Tuesday, May 16, 2006

Let me start by saying I rarely, if ever, click on blogads. I probably should more often in order to support blogs I like, but I don't. Well, this is a short story of clicking on an ad on a blog that I frequent.

I read the preface of the advertized book and I am now curious. Not because the author's thesis is unique, but because it reminds me of my own spiritual journey that I abandoned due to frustration; I am one of those 'spiritual' people who doesn't like 'religion'.

His original premise is what struck me at first;
Religion never satisfied me, and often infuriated me...I thought of myself first and foremost as a human being...I would be progressing intellectually and spiritually only by understanding what was universally right and natural in life, why these things were right and natural, and how to live accordingly.
Having studied a wee bit of philosophy, the moral absolutes (i.e. universally right and natural) are a problem, but I won't let that de-rail his argument.

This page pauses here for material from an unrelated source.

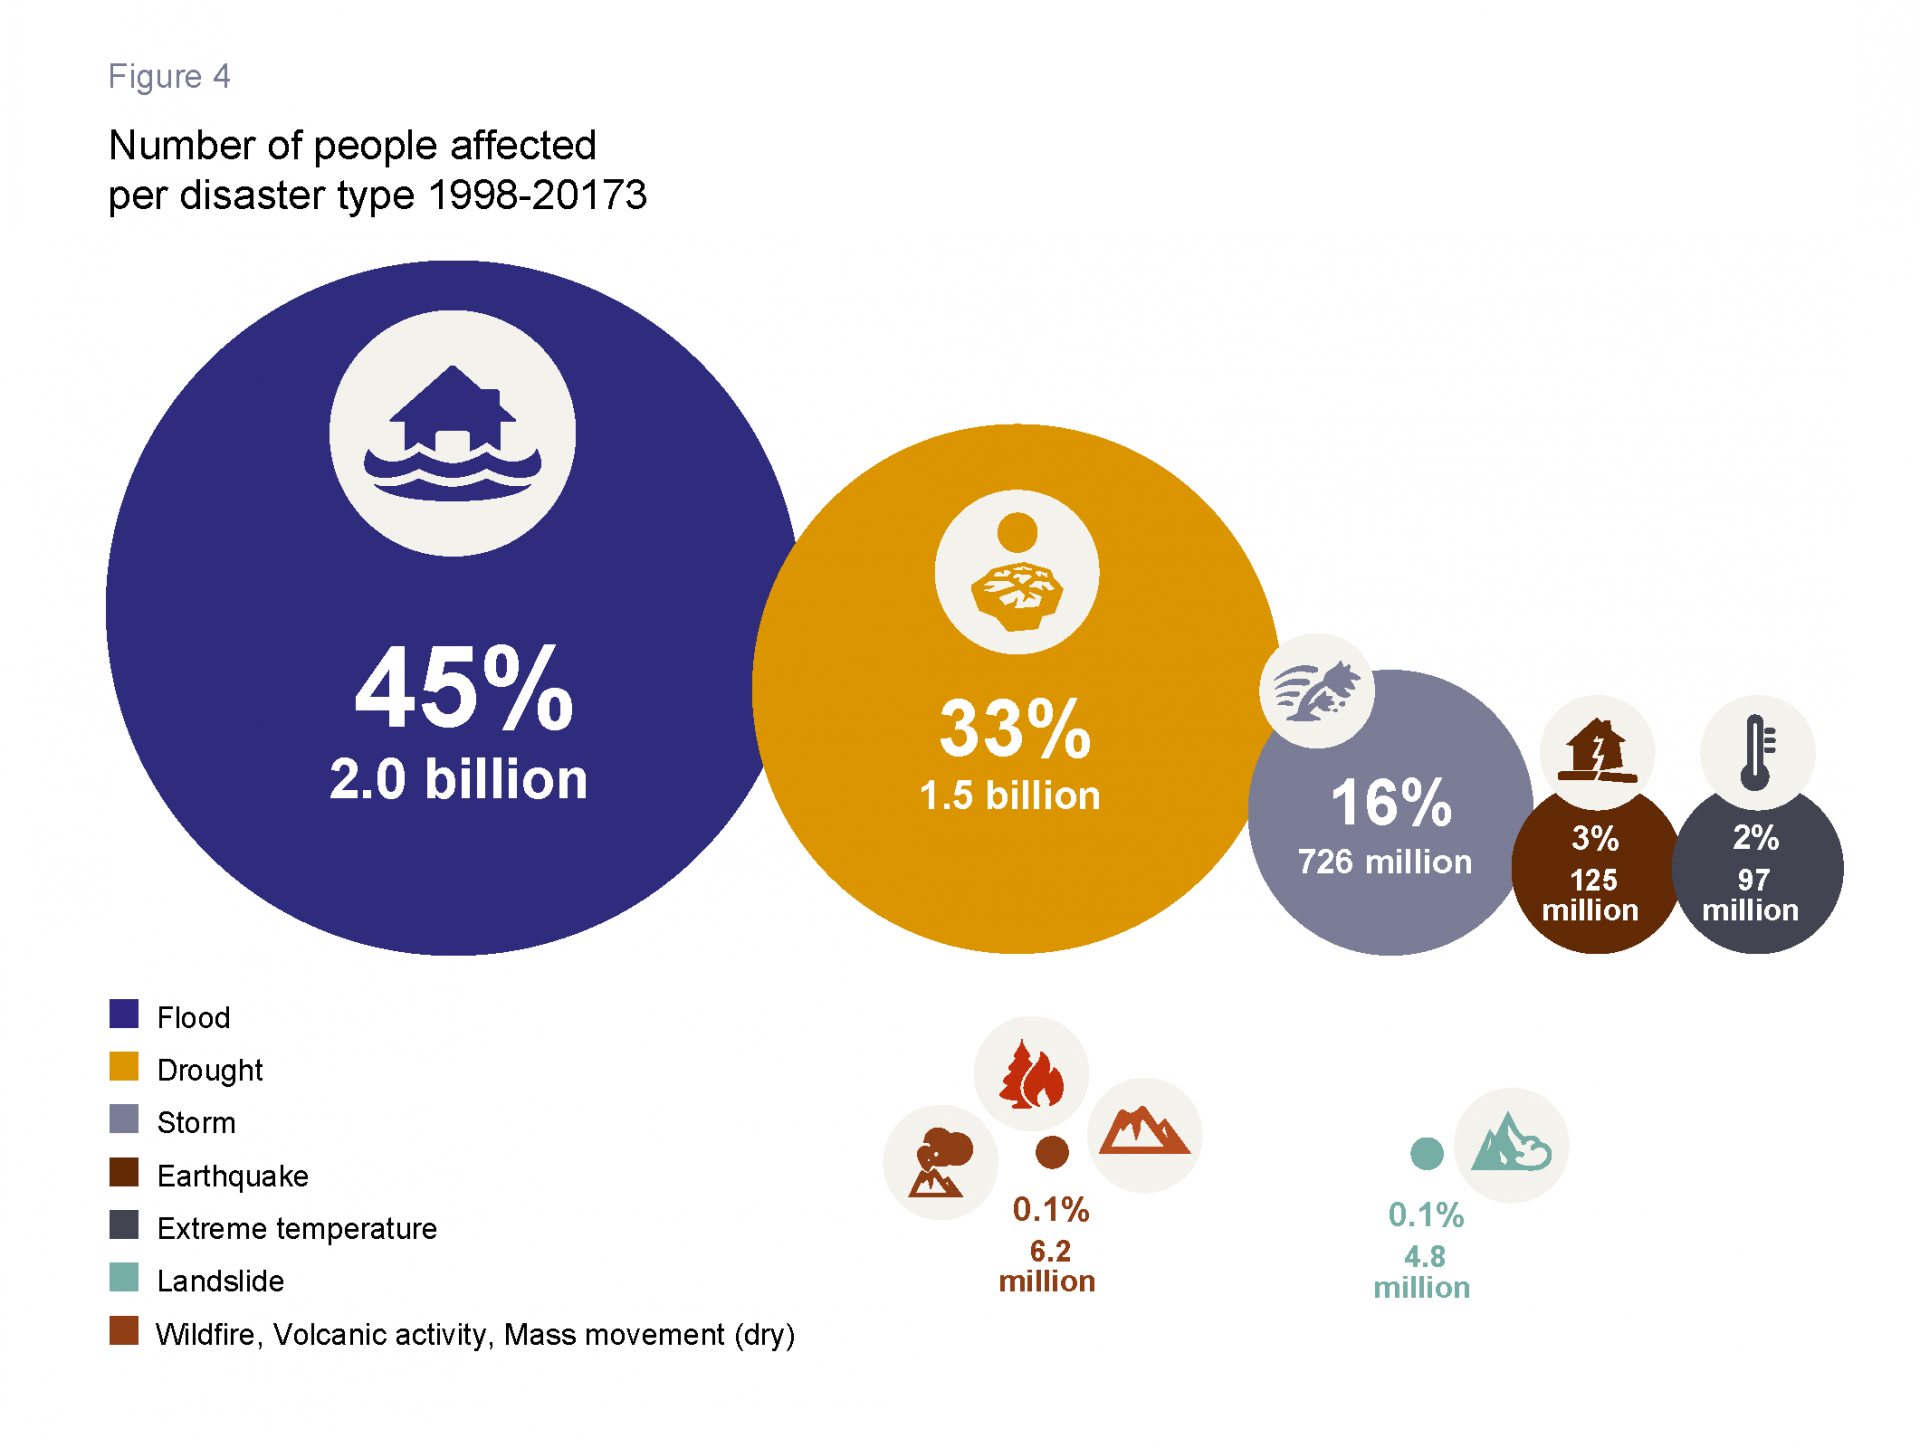 Number of people affected per disaster type

His next premise is the kicker.
Understanding that the idea of God signified absolute unity, I concluded that anyone advocating unquestioning loyalty to a restrictive group such as a faith, ethnicity, or nation was in fact promoting the fall of humanity by advancing its division...religions were never intended to support the search for an expansive God and are actually antithetical to it. Probing further, I discovered that human beings aspired to know God long before religions were established, suggesting that the real worship of God could outlive the forms of worship currently in existence. Simultaneously, I found an unholy trinity of political, economic, and religious forces fostering and perpetuating massive greed, poverty, and ignorance.
And with the way the Vatican is attacking the most recent alternate version of events the Vatican claims ownership to, it is hard to argue with the negative effects of organized religion.

His goal is a bit hippy-ideal, but heart-warming nonetheless, and we all could use that once in a while.
It is my hope that by encouraging an inner search for God based on timeless techniques beneficial to spiritual freedom, this book contributes to a broadening of perspectives around the world, culminating in the eventual unification of humanity.